我哆哆嗦嗦伸出手去。是一个陌生的号码,也许是打错了吧?我想着,用慵懒的声音接了电话:“餵,你找谁,打错了吧?”
“你是桑小北的妈妈吗?”
我“腾”地坐起来:“是,你哪位?”
“我是你的邻居,对门。你们家没人吧?你儿子自己在家,8点多的时候他来敲我们家门,说是爸爸不在家,电话打不出去。我们帮他打过电话,好象你爱人喝醉了,说马上回来的,可到现在也没消息,我知道你们离婚了,怕不方便不敢给你打电话。你儿子在我们家吃过东西回家做作业去了,刚才我倒垃圾听到你儿子在哭,我按门铃他也不开,也不知怎么了?你回来看下吧。”
我忘记了寒冷,忘记了肚子痛,甚至忘了跟那位好心的邻居道声谢。我哆嗦着,却并不是因为寒冷。愤怒与心疼交替攻击着我,我一骨碌从床上跃起来,用最快的速度穿好衣服,一边语无伦次咒骂着桑良,一边又流着泪哭叫着小北。
农村的夜,格外的黑。我深一脚浅一脚奔跑在泥泞的路上。北风呼啸着,吹着雪粒打在脸上,转眼化成了水,模糊了眼睛。我奔向路口,唯一的一条通往城市的路,此时也陷入了夜的沈睡中。来辆车吧!就一辆就行啊!付出什么代价都可以,只要快带我见到儿子!我心裏的呼喊感动了老天,远远地,出现了一束灯光,是一辆车的灯发出的光!我大喜过望,跑到路的中间,远远向着那灯光挥起了手。尽管此时那车与我的距离,根本不能使他看见我。
近了,更近了,明亮的车灯照花了我的眼睛,一片耀眼的白。我挡住眼睛奔过去,狂喜写在脸上:“师傅,师傅!停一下,捎我一段好吗?我有急事!”
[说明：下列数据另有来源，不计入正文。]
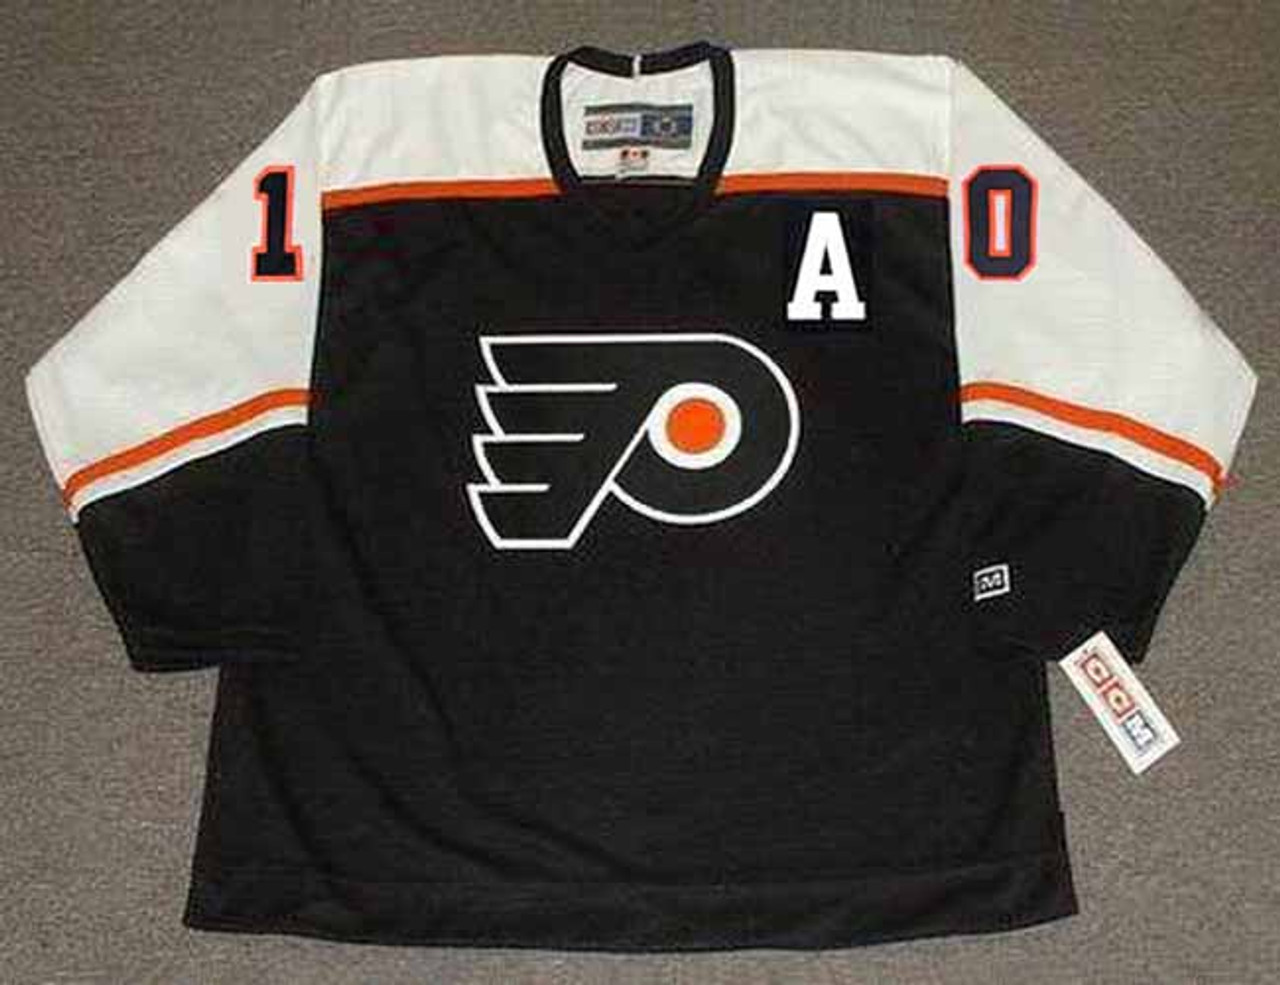 2002-03 John Leclair Philadelphia Flyers Game Worn Jersey

急促的剎车声响起,那车就停在我前面二米处,是辆货车,高高的驾驶室裏传来一声叱骂:“神精病,你找死啊!”我冲上去,仰起头,哀求着:“师傅,我家裏有急事,请你捎我一段吧,我给你钱!”我冻僵的手指掏向口袋,那车却突然地发动了,看到高高的车身从我身边滑过去,我追赶着哀求着:“师傅,我儿子不知道怎样了,我得去看我儿子,求求你捎我一段吧,求求你!……”北风灌满了嗓子眼,我的声音象投入到海中的石子,瞬间被淹没了。那车尾灯渐渐远去了。我就在路的中间,来回踱着。“老天,求求你,再来一辆车吧,再来一辆车吧,我得去看我的儿子呀。”可宽阔的马路上,除了北风嘶吼,雨雪交加,再也没有什么动静了。那能给我希望的亮光,我望穿了眼也看不到一丁点了。
怎么办呢?怎么办呢?心急如焚,恨不得能插上翅膀飞过去,飞到儿子身边。
掏出手机,我想也不想就拨了那个号码——虽然它已被我从手机裏删除,可还没有从我的心裏删除。管他什么道德,管他什么良心,管他什么诺言——我的儿子谁来管哪!?尽客玉瑶手腕上的疤痕猛得出现在了我眼前,可儿子的小脸立刻把它从眼前驱逐了,管他什么玉瑶不玉瑶!我要见儿子!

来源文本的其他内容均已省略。